Il vino italiano in Cina, sembra crescere di reputazione, ma i dati economici parlano di un sostanziale immobilismo o, al massimo, di una leggere crescita. Secondo i dati delle dogane cinesi sull’intero 2018, riportati da Ice di Pechino, le esportazioni di vini italiani hanno raggiunto quota 168 milioni di dollari, con una crescita di appena il 4,6% in valore sul 2017. Eppure, quello oltre la Grande Muraglia è un mercato enorme, da presidiare per cogliere la grande crescita che tutti prevedono, e che farà della Cina il primo mercato di vino al mondo nel giro di pochi anni. E, intanto, saranno Brunello di Montalcino, Amarone della Valpolicella, Barolo, Prosecco, ed Etna a rappresentare l’Italia al China Wine Summit (Shanghai, 23-24 febbraio 2019) dove ogni anno vengono premiati da critici ed esperti internazionali del settore i migliori vini cinesi. “Alcuni vini cinesi sono tecnicamente perfetti ma mancano di anima” dice Silvana Ballotta, Ceo di Business Strategies, unica società italiana nella manifestazione cinese con una Master Class dedicata al valore e alla promozione del made in Italy. “I cinesi si stanno aprendo al mondo del vino con delle produzioni anche di qualità, ma riconoscono al vino italiano quel patrimonio di storia e cultura che ancora a loro manca, e che noi dobbiamo imparare a raccontare di più”.

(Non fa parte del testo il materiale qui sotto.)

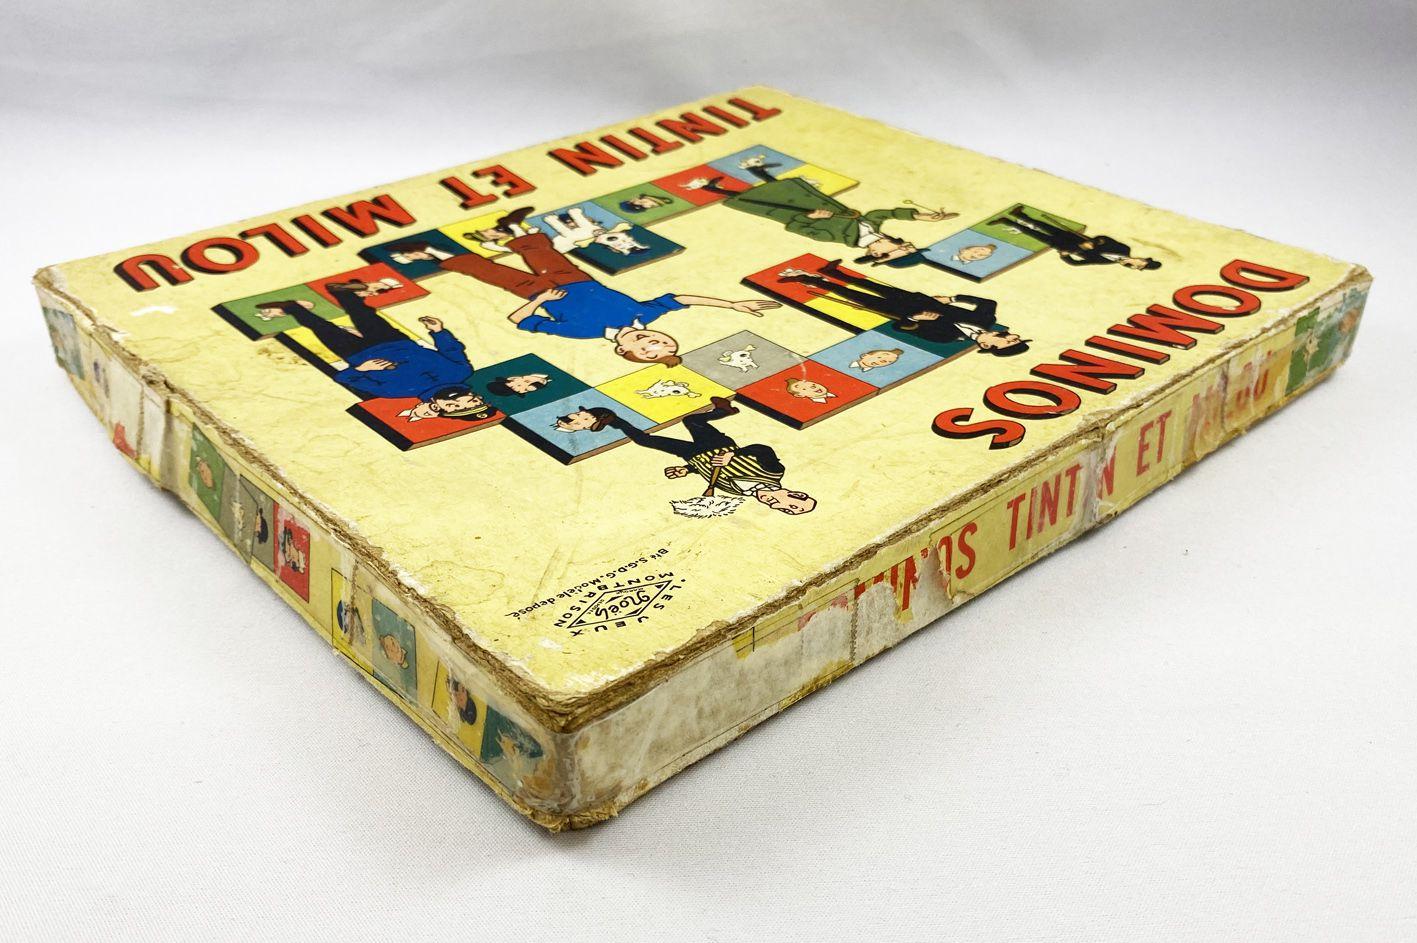 Tintin - Noël Montbrison 1969 Dominos Game

Secondo l’elaborazione dell’osservatorio di Business Strategies, nonostante una crescita delle esportazioni che nel quinquennio 2012/2017 ha raggiunto il +93,1%, il Belpaese si classifica ancora solo 28esimo tra i fornitori di food & wine in Cina con una quota di mercato che non arriva allo 0,5%, settimo tra i soli competitor europei. Un dato che migliora sul fronte vino, dove l’Italia, nel 2018, ha praticamente raggiunto la Spagna tra i fornitori (dopo Francia, lontanissima, Australia e Cile), con una market share pari al 7% delle importazioni complessive di vino in Cina.

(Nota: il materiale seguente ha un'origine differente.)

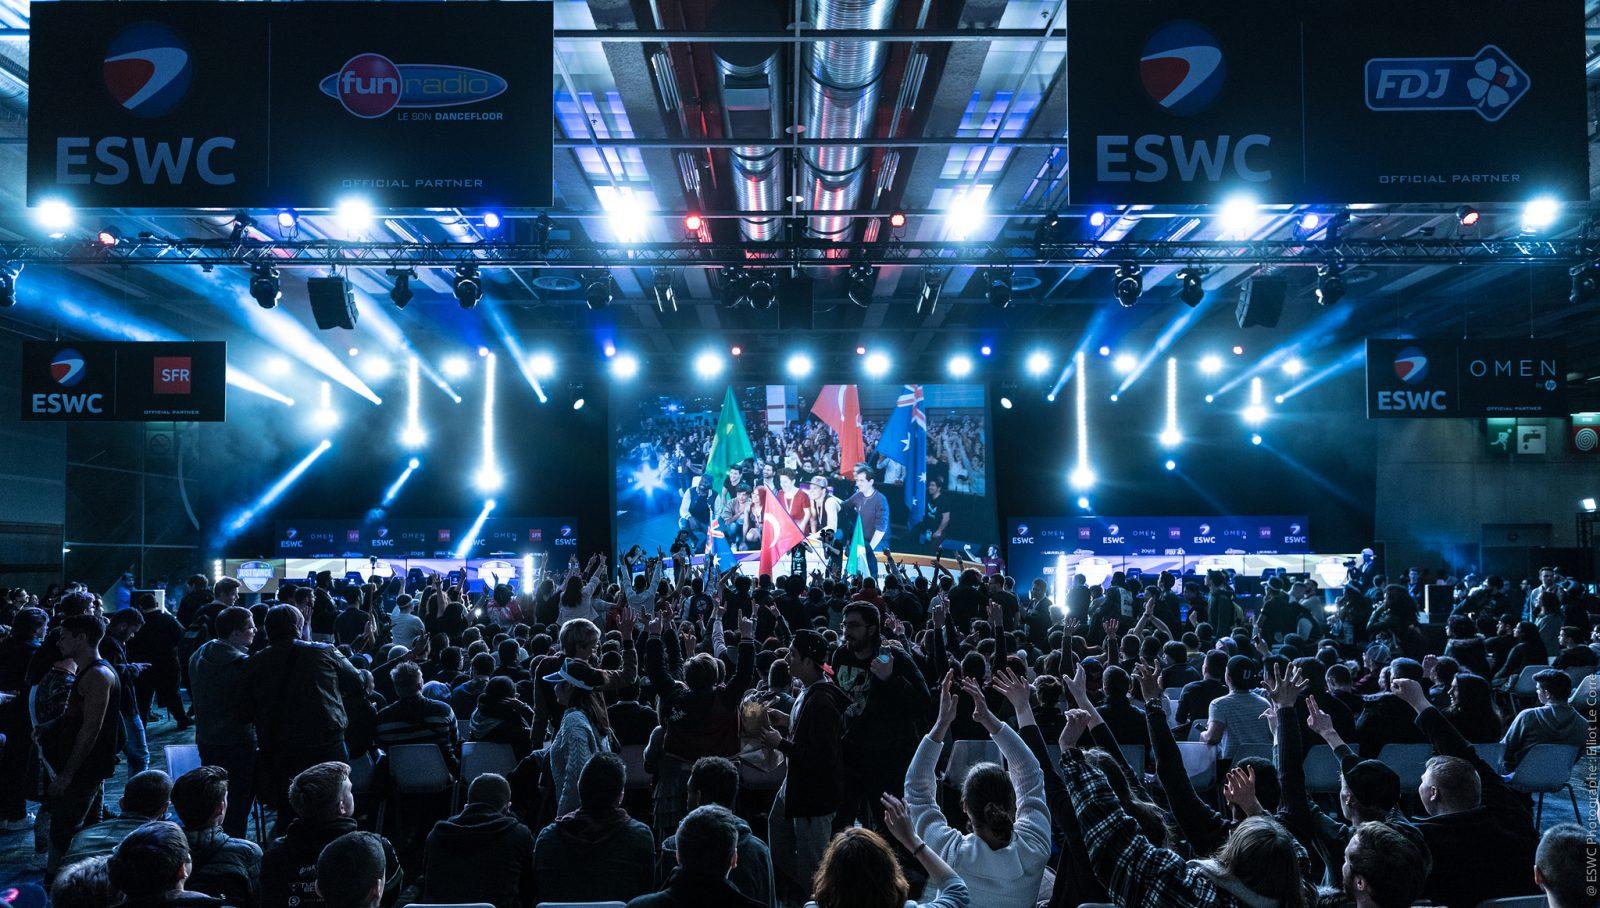 Metz : une compétition internationale de jeux vidéos s'installe pour 3 ans au centre des congrès dès 2018

“Soffriamo di un deficit di conoscenza che si traduce in un deficit di posizionamento e di mercato - prosegue Ballotta - una migliore promozione integrata dell’Italia, non solo in Cina ma nel mondo, potrebbe portare ad un valore economico aggiuntivo di oltre +45 miliardi di euro. Parliamo di un valore che può raggiungere fino al 14% del Pil attuale (dati elaborati da The European House - Ambrosetti)”.
“L’Italia può tornare ad essere competitiva sui mercati internazionali – spiega ancora la Ballotta - a patto che ci sia un brand ombrello in grado di rappresentare tutti i produttori e delle strutture qualificate in grado di accompagnare nel mondo le aziende rappresentative del made in Italy e di fare formazione sul consumatore finale che è poi quello che stabilisce il successo di un prodotto rispetto ad un altro”.
Nei prossimi cinque anni, secondo le previsioni del Fondo Monetario Internazionale, il reddito medio pro-capite in Cina dovrebbe aumentare del 50%, con più di sei cinesi su dieci concentrati nelle aree urbane, mentre secondo le proiezioni dell’Istat, da qui al 2022 le esportazioni di vino italiano dovrebbero crescere di oltre il 38%.
Anche di questo si parlerà al China Wine Summit, la manifestazione più grande e più influente sul vino cinese organizzato da Shanghai Morning Post e Tastespirit. Unitamente alle sezioni dedicate al vino cinese ospiterà le master class di Jancis Robinson (critico enologico di fama mondiale), Bernard Burtschy (presidente dell’Associazione di Stampa Vinicola di Francia), Ian d’Agata (critico enologico per l’International Wine Cellar di Stephen Tanzer) e di Silvana Ballotta, aggiungendo un altro tassello alle azioni di Business Strategies in Cina, che, a Shanghai, ha fondando la prima accademia di vino italiano dedicata al consumatore cinese, la “Taste Italy! Wine Accademy”, e vanta collaborazioni e partnership con importanti società di ricerca, associazioni culturali e commerciali, governative e non, e con lo Shanghai Media Gruppo, il secondo gruppo media più grande in Cina.